To listen to the news media and the advocacy groups everything is a crisis and a disaster and the world and the US is getting worse. The nice thing about data is it proves the obverse, the world and the US is getting better at a rate begun in about 1980 that is astonishing. But good news does not bleed and therefore will not lead.

So here is what is remarkable: From 1980 to 2015 the consumption poverty rate fell by 9.4 percentage points, while the official poverty rate rose by 0.5 percentage points.

So what make more sense, that the US has a poverty rate of 13.5 (in 2015) that is virtually impossible to lessen or eliminate, or a Poverty rate based on consumption that is 3.5% of the population that we might be able to further reduce.  

I would like to see the end of poverty wouldn’t you? 

Be a Data Skeptic and do your own research

We hear constantly about bias reporting and fake news and you should be motivated to be skeptical about any data you hear reported and motivated to search out the actual facts.

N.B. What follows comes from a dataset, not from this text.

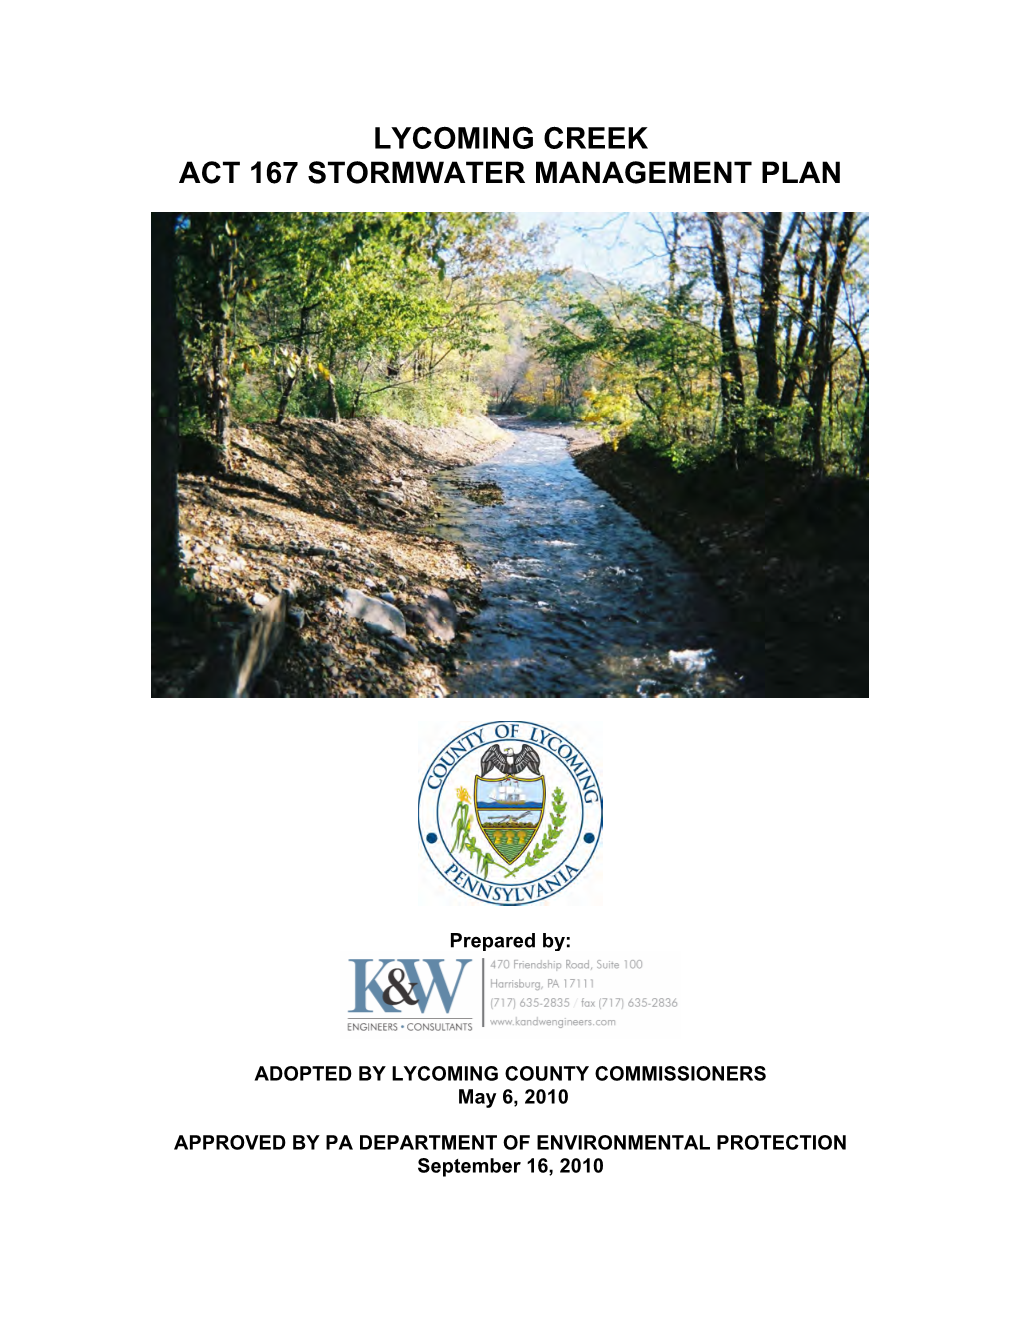 Lycoming Creek Act 167 Stormwater Management Plan

In other cases, such as the FBI’s hate crime data, the data are not reliable without understanding how it is collected. The data is fine, but year to year comparisons are not easily possible because of the data design. (see The importance of data skepticism. Hate crimes did not rise 17% in one year. )

Many data websites do exist to help you find actual facts. 

Some of the best fact based sites are
https://Justfacts.org
https://Gapminder.org
https://Fred.org
https://humanprogress.org.

So the message is be humble, don’t believe everything at face value and learn how and do your own research.